Выбрать главу

Но как только Бергман берется за самостоятельное творчество и пытается вдохнуть жизнь в описываемые им события или существа, он сразу же начинает путаться и теряет всякую самостоятельность и силу. Ведь он в глубине души сам не верит в то, что задумал. Оторванные от реальной жизни, его прозрения выглядят бледными и бескровными – в лучшем случае это оригинально перекроенные сновидения, весьма, может быть, интересные психоаналитику, но мало что дающие людям, которым нужна более существенная духовная пища. Сам чувствуя этот недостаток, Бергман сознательно или же инстинктивно прибегает к мелодраме, патетике, искусственно заостренным положениям. С избыточной, льющейся через край элегантностью формы он аранжирует свои анемичные мелодии, создает звучные аккорды, тонкие эффекты контрапункта… Но все эти пустотелые звуковые образы лишь отдаленно ассоциируются в нашем сознании с творениями великих мастеров. Муза Бергмана – это холодная и развращенная женщина. Она опытна, ни на секунду не забывает о том, что должна нравиться, но в ней нет любви, тепла или настоящей жизни.

Можно сколько угодно предаваться умозрительным размышлениям относительно всех мыслимых и немыслимых причин «бергмановской проблемы». Он, как кажется, сознательно дал для нее пищу, декларируя среди всего прочего свой «страх», из которого прямо выводит «долг художника угождать другим, его потребность любви, необходимость успеха».

Бесспорно, для создателя кинофильмов эти факторы, сопровождающие его творческий процесс, особенно чувствительны.
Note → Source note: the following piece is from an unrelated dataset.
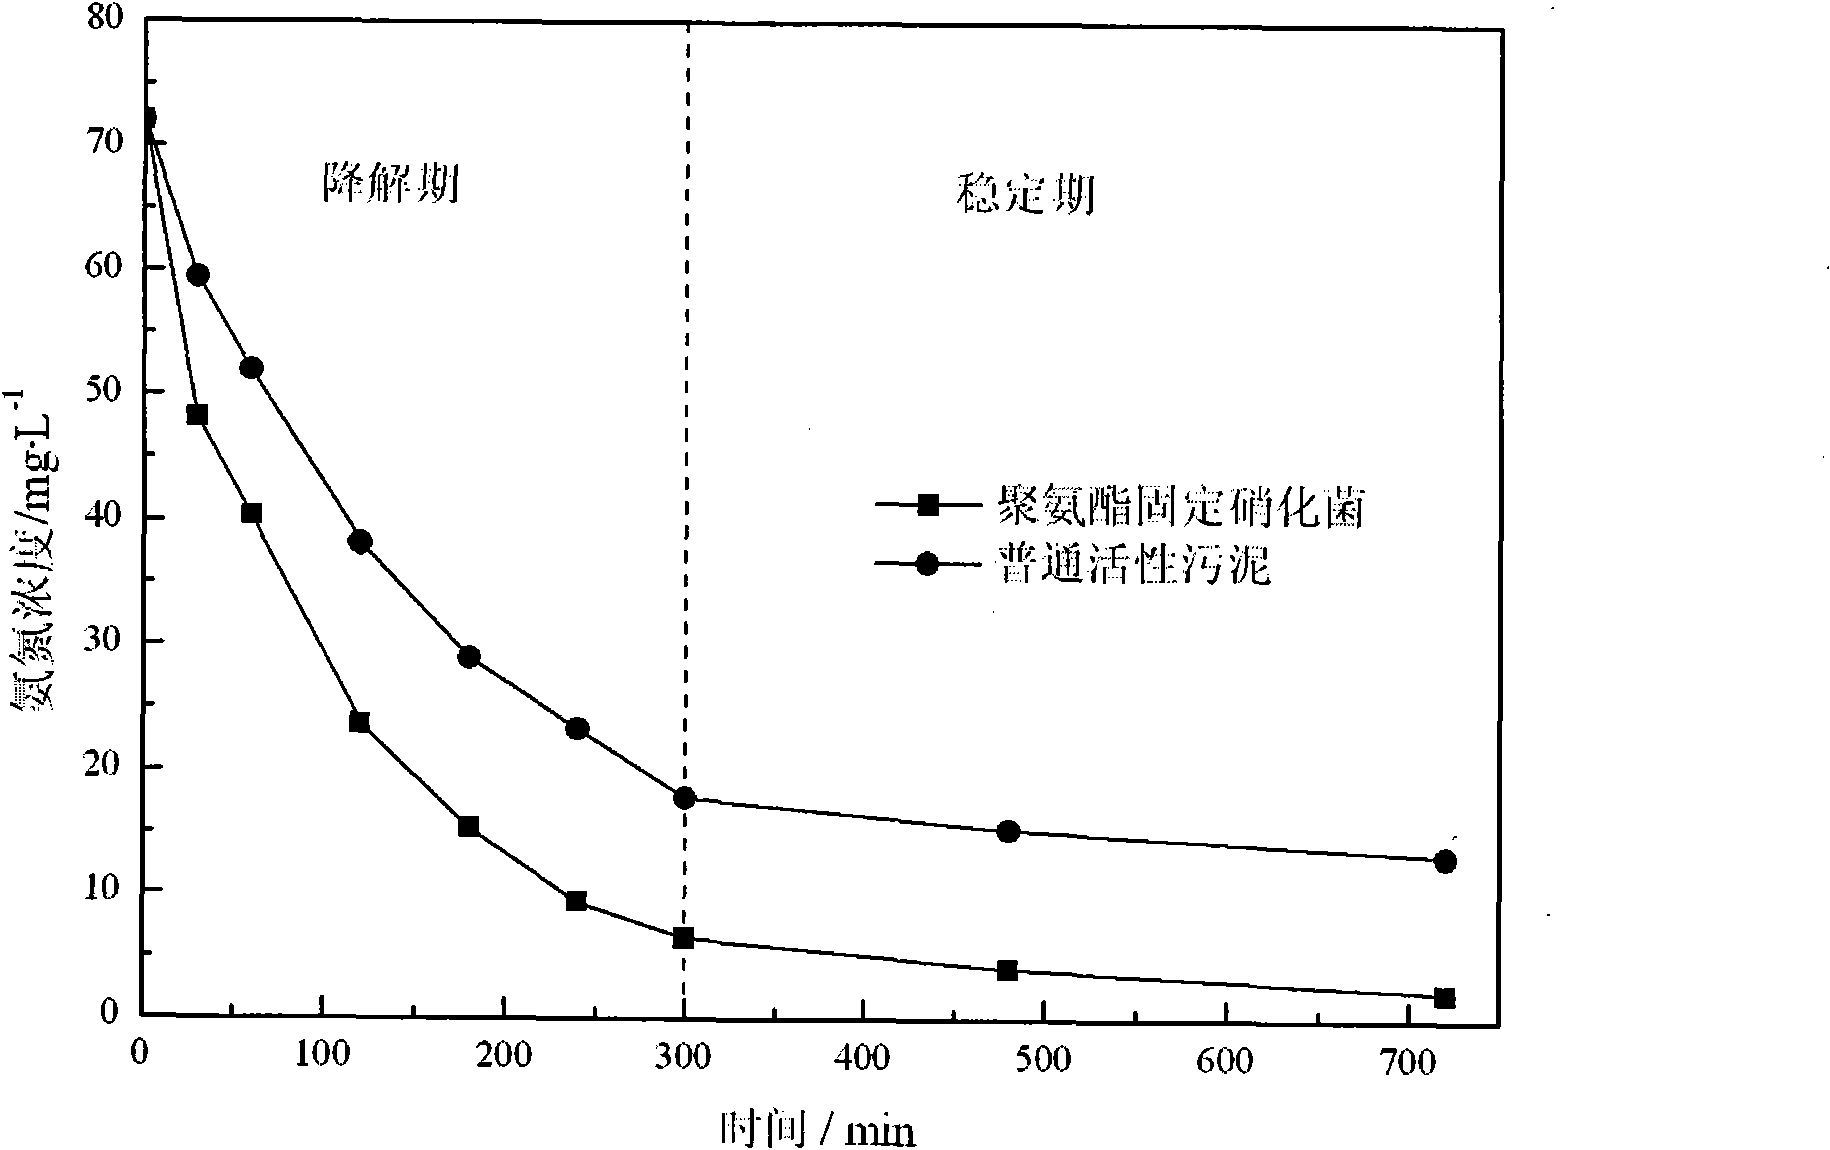 Method for treating nitrogen-containing wastewater from power plants by nitrifying bacteria immobilized on polyurethane

Ведь режиссер работает под постоянным давлением коммерческого рынка и его угроз.

Можно посочувствовать Бергману и еще в одном отношении. Он никогда не принадлежал к какой-нибудь литературной группировке, у себя на родине его никто не признает как писателя, и он, конечно же, страдает от пренебрежительного отношения со стороны своих коллег по перу.
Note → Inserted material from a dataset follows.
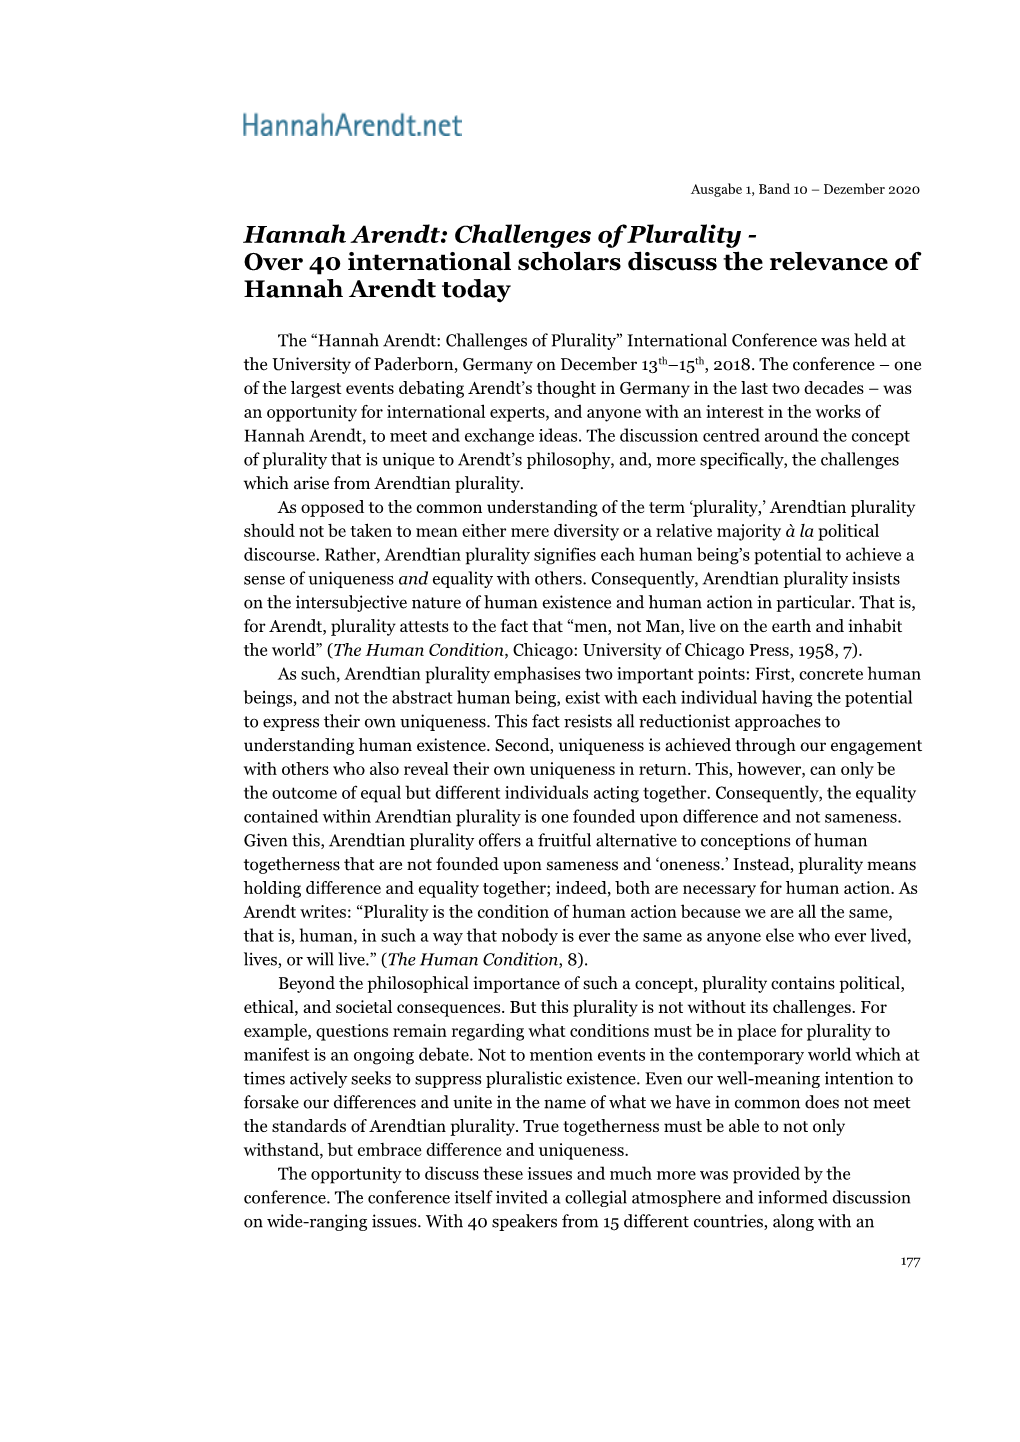 Hannah Arendt: Challenges of Plurality - Over 40 International Scholars Discuss the Relevance of Hannah Arendt Today

Но он осознал неслыханное преимущество кадра над словом, прямой призыв кино к нашему чувству, и ухватился за это средство самовыражения, как утопающий за спасательный круг.

Бергману удалось сделать из кинематографа свое послушное орудие. Но затем последовало самое странное. Вместо того чтобы создавать новые формы кинопереживаний, он, несомненно подвигаемый на то подавленными амбициями, начал скармливать зрителю некий квазилитературный водянистый суп. В его фильмах перед нами предстает вереница фантомов, призрачных видений, произносящих выспренние диалоги, очевидно заимствованные Бергманом из театральных инсценировок и приобретшие в его интерпретации привкус карамельной слащавости.
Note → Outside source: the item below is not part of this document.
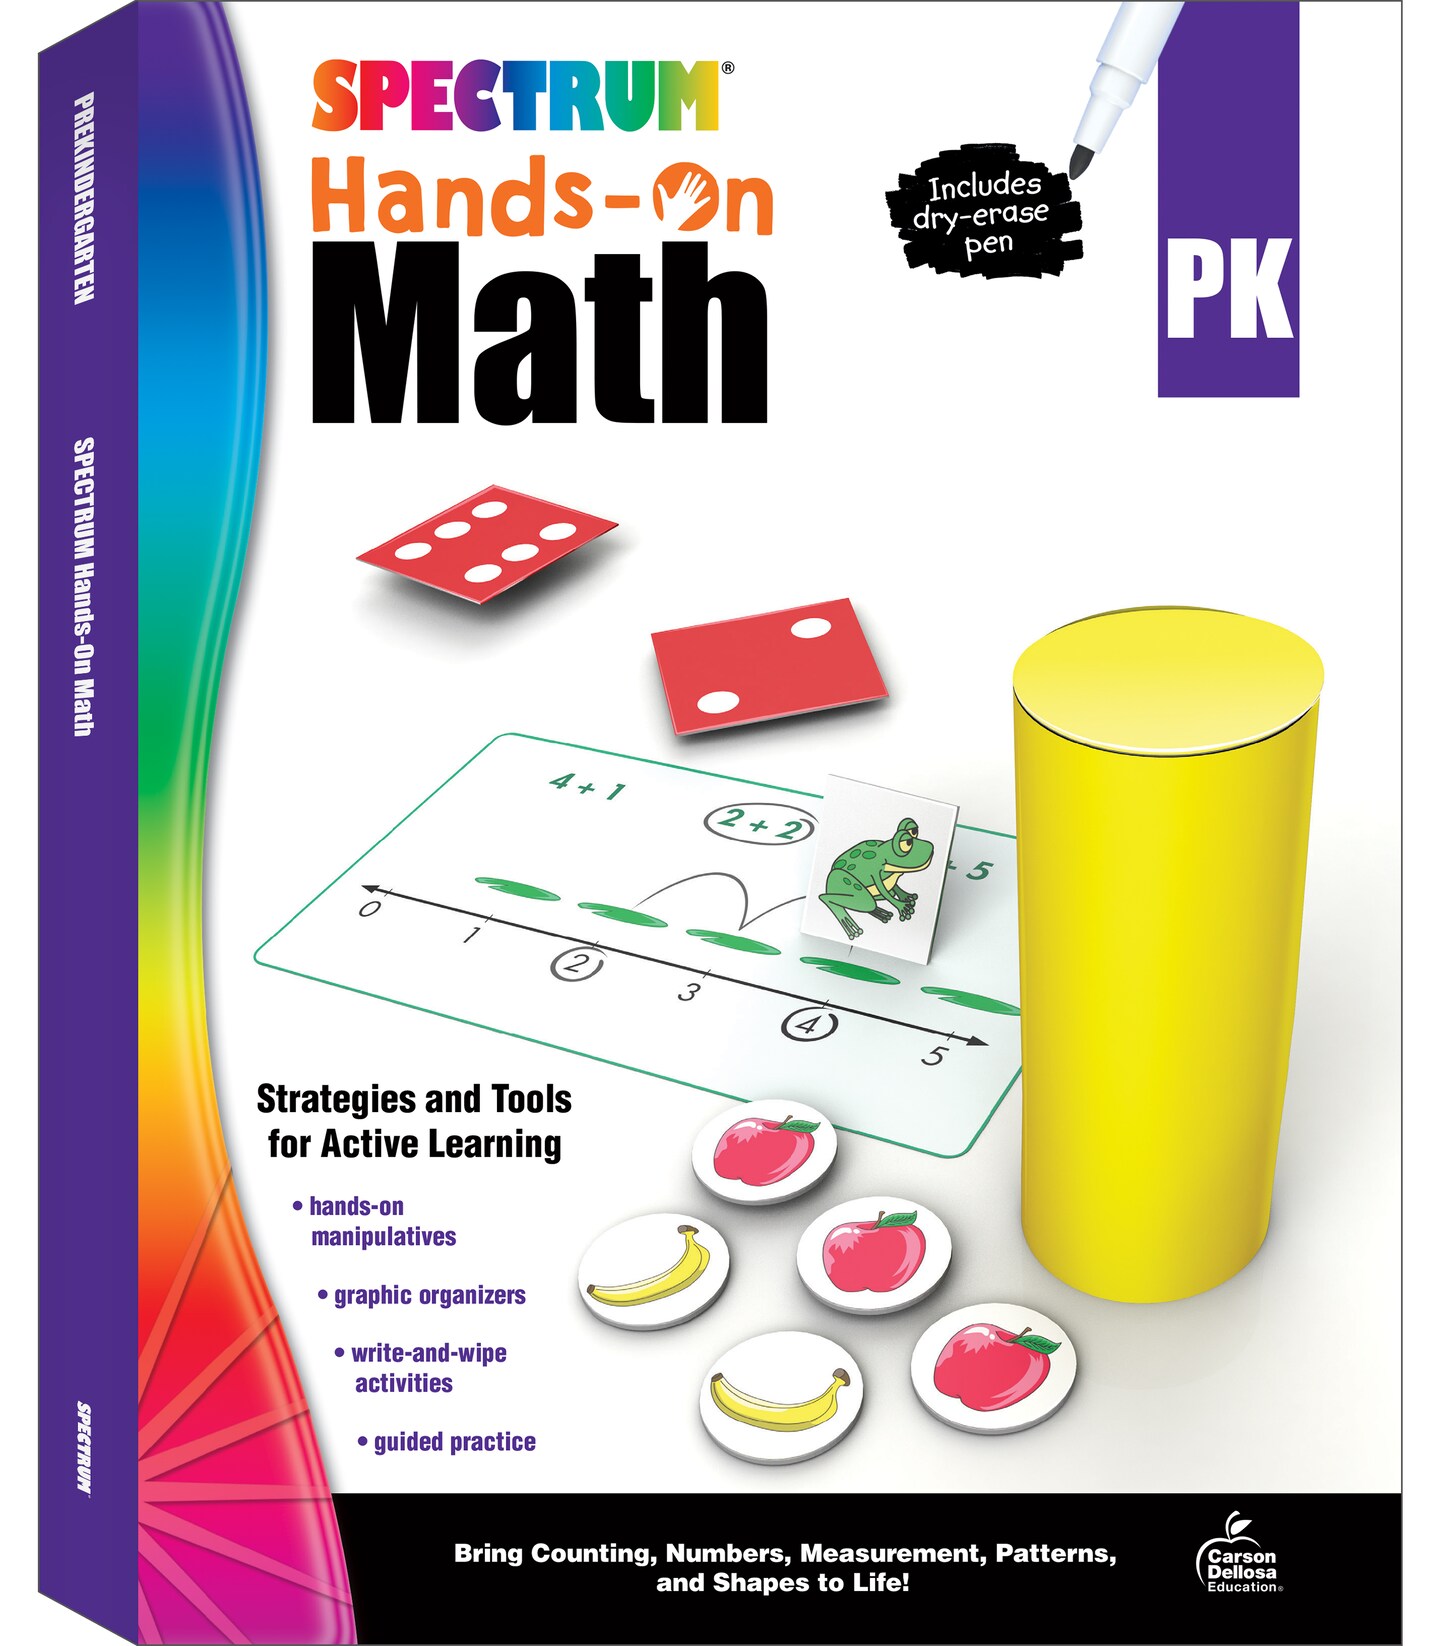 Spectrum Preschool Hands-On Math Workbook, Ages 4 to 5, PreK Hands-On Math, Counting, Addition, Subtraction, and Place Value Math Activities With Math Manipulatives and Dry Erase Pen - 96 Pages

Постоянно демонстрируемая на экране художественная неуверенность Бергмана производит в конце концов до того удручающее впечатление, что впору задаться вопросом: что за сумасбродное и отчаянное высокомерие заставляет этого художника упорствовать в роли странника, вопиющего в пустыне?

Случай с Бергманом прекрасно, на наш взгляд, иллюстрирует также разницу между самобытным и вторичным по характеру искусством. И хотя Бергман является представителем второго, он тем не менее все же должен нести свою долю ответственности за положение в художественном мире в целом. Ведь, обладая столь бесспорным знанием тайн кинематографа, он мог бы привлечь к созданию фильмов целый ряд писателей своего поколения, давая тем самым новый стимул к обновлению и развитию их творчества. Но вместо этого он, упорствуя в своем необъяснимом для нас самоутверждении, удалился в пустыню, застолбил там себе некое царство и самовольно объявил себя его властителем.

Пора уже избавиться от этой призрачной одиозной фигуры, слишком долго будоражившей наше воображение. Бергман ничего не может рассказать нам ни о нас самих, ни о жизни, которой мы живем, ни о боге. Он не может сказать нам ничего даже о незначительности или же о мнимом величии собственной персоны. Он – всего лишь еще одно пугающее свидетельство полного упадка, в котором находится сегодня искусство кино.